Cell Systems III: The Cytoskeleton

  • A network of fibers extending throughout the cytoplasm that organizes the cell's structures and activities.
  • Functions: Mechanical support, cell motility, anchors organelles, guides vesicle movement.
Microfilaments (Actin Filaments)
  • Solid rods, about 7 nm in diameter, made of intertwined strands of actin protein.
  • Functions:
    • Maintain cell shape: Bear tension.
    • Muscle contraction: Interact with myosin filaments.
    • Cell motility: Form pseudopodia (false feet) for amoeboid movement.
    • Cytoplasmic streaming (in plant cells):
Intermediate Filaments
  • Fibrous proteins supercoiled into thicker cables, 8-12 nm in diameter.
  • Functions:
    • Maintain cell shape: Bear tension.
    • Anchor organelles: Form a sturdy cage for the nucleus.
    • Keratin: Found in skin cells, hair, and nails.
    • More permanent than microfilaments and microtubules.
Microtubules
  • Hollow rods, about 25 nm in diameter, made of tubulin dimers.
  • Functions:
    • Maintain cell shape: Resist compression.
    • Cell motility: Form the core of cilia and flagella.
    • Chromosome movement in cell division: Form spindle fibers.
    • Organelle movement: Act as tracks for motor proteins (e.g., kinesin, dynein) carrying vesicles.

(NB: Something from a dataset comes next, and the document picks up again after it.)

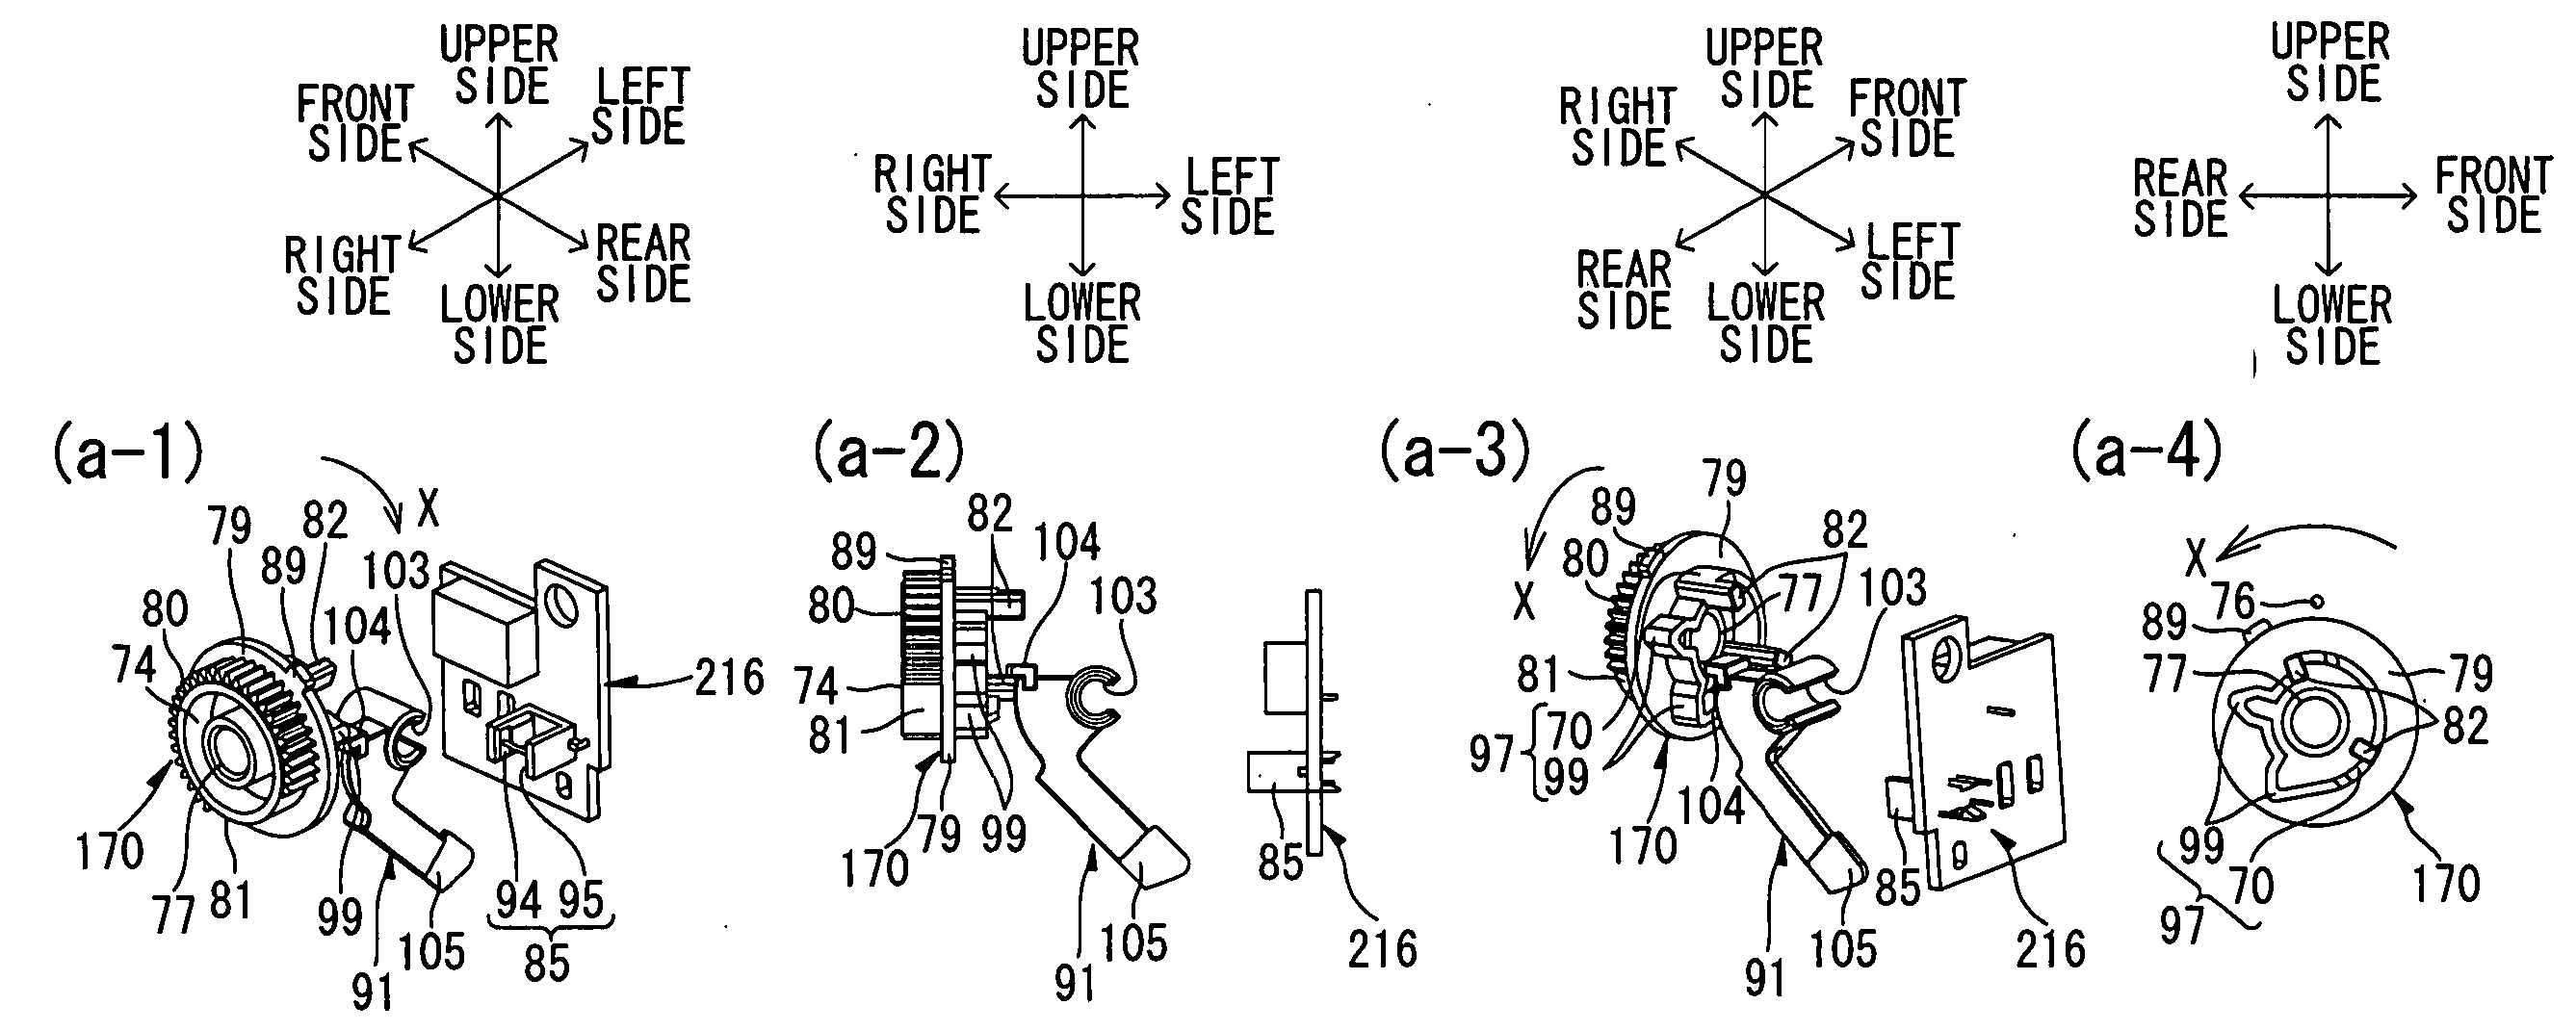 Image forming apparatus, image forming unit and developer cartridge

    • Centrosomes and Centrioles: In animal cells, microtubules grow out from a centrosome; within the centrosome are a pair of centrioles arranged in a "9+0" pattern of microtubule triplets.

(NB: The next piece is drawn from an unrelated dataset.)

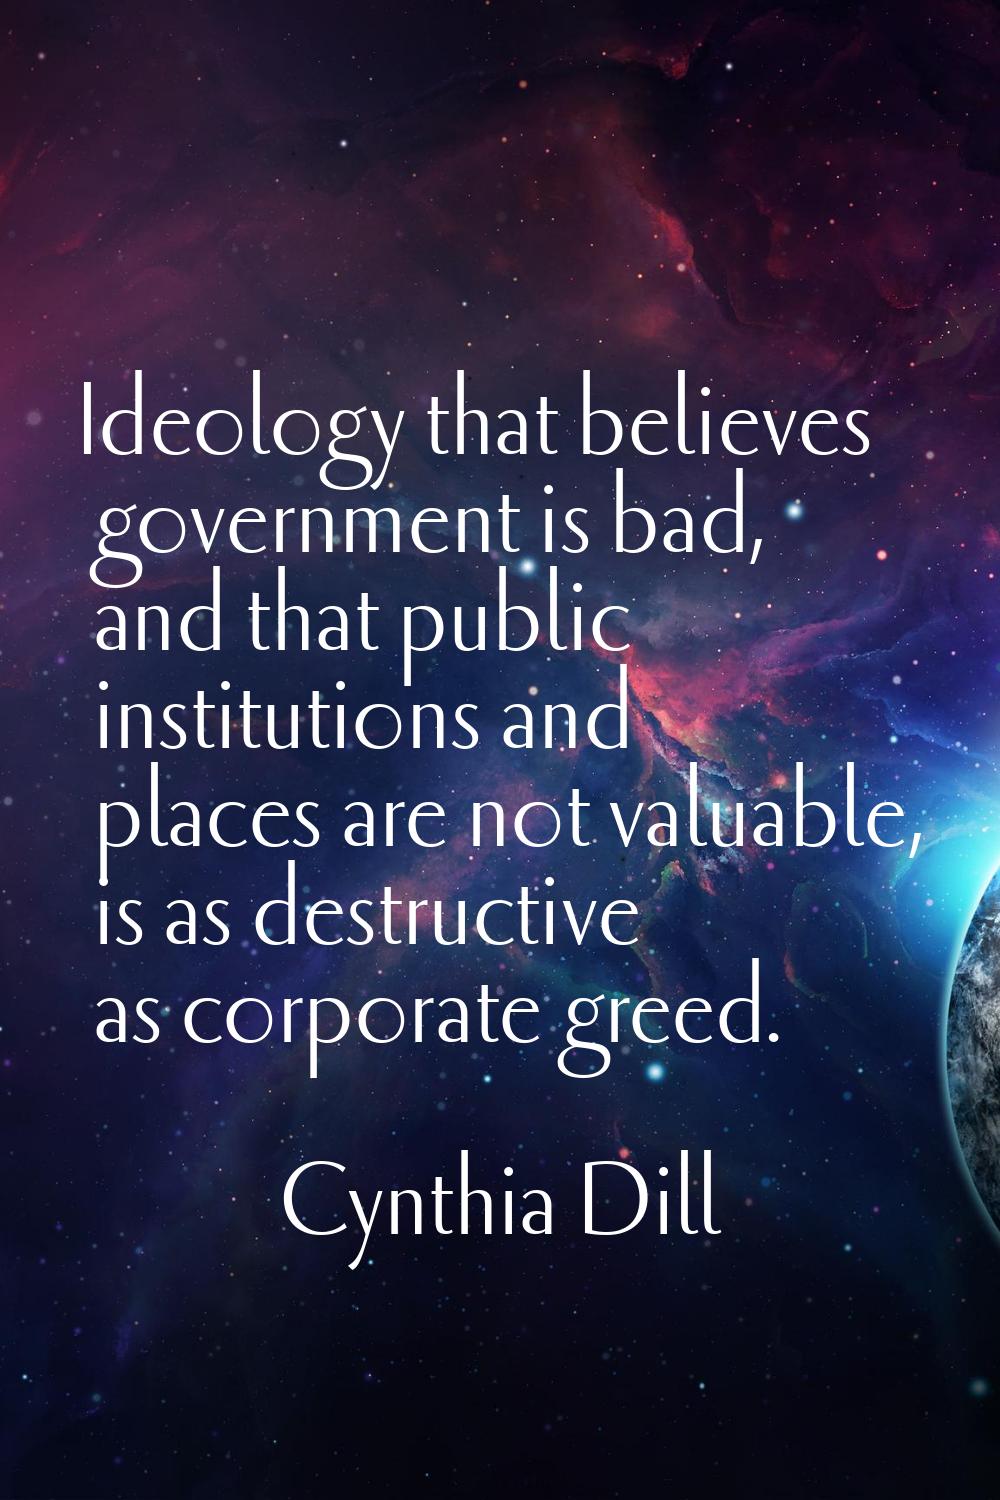 Ideology that believes government is bad, and that public institutions and places are not valuable,

Cell Systems IV: Cilia and Flagella

  • Locomotive appendages that extend from the surface of many eukaryotic cells.
  • Composed of microtubules arranged in a distinctive pattern.
Cilia
  • Short, hair-like appendages, typically numerous on the cell surface.
  • Function: Usually move fluids over the cell surface (e.g., lining of trachea) or propel single-celled organisms.
  • Structure: "9+2" arrangement of microtubules (nine doublets surrounding a central pair).
Flagella
  • Long, whip-like appendages, usually one or a few per cell.
  • Function: Propel cells (e.g., sperm cells, some protists).
  • Structure: Also "9+2" arrangement of microtubules, similar to cilia but typically much longer.
  • Movement: Generates force parallel to the flagellum's axis.
Basal Body
  • The base of a cilium or flagellum, structurally identical to a centriole, with a "9+0" arrangement of microtubule triplets.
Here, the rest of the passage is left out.